## Problem statement:
Copy the lines exactly as they appear, starting with the first line of the records and ending with the line that contains "Welcome hope you".

Extracted data entries:
'''

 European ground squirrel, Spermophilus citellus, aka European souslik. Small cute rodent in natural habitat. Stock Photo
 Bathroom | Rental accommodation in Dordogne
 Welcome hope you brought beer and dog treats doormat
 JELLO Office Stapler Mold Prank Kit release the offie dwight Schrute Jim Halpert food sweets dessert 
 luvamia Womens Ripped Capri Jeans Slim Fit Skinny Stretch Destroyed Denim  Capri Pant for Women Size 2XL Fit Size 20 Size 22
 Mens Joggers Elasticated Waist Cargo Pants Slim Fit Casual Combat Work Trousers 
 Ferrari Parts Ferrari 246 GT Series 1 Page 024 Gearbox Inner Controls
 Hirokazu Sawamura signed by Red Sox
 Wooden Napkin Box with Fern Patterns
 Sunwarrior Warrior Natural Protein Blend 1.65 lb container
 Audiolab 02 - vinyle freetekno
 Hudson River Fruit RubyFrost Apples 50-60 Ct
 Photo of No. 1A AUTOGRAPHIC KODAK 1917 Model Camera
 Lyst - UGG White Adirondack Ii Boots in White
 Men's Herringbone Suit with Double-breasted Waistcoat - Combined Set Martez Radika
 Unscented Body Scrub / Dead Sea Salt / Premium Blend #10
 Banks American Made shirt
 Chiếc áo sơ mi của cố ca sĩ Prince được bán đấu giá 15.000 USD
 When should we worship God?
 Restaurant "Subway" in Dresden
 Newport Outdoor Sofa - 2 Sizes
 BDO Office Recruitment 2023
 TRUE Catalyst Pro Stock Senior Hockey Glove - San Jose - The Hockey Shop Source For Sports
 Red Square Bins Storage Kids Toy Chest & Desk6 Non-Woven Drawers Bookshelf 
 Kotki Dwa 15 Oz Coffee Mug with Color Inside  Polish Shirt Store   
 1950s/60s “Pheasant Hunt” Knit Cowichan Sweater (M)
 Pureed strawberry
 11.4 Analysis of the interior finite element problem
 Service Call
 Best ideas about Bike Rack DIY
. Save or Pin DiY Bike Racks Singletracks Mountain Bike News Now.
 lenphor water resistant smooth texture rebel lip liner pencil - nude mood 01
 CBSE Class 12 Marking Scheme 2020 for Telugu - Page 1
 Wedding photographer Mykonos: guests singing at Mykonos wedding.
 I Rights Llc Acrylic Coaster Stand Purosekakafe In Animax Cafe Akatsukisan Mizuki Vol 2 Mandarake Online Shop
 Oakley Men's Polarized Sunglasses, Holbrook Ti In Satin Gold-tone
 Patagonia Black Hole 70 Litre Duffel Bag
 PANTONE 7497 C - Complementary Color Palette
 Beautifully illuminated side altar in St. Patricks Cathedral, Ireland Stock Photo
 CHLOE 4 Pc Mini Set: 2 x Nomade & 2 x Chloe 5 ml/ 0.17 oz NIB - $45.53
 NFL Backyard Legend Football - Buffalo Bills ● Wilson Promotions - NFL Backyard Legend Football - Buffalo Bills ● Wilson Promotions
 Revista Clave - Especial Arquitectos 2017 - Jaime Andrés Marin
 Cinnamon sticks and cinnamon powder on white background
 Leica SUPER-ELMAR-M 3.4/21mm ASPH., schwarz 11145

'''

## Response to this task:
 European ground squirrel, Spermophilus citellus, aka European souslik. Small cute rodent in natural habitat. Stock Photo
 Bathroom | Rental accommodation in Dordogne
 Welcome hope you brought beer and dog treats doormat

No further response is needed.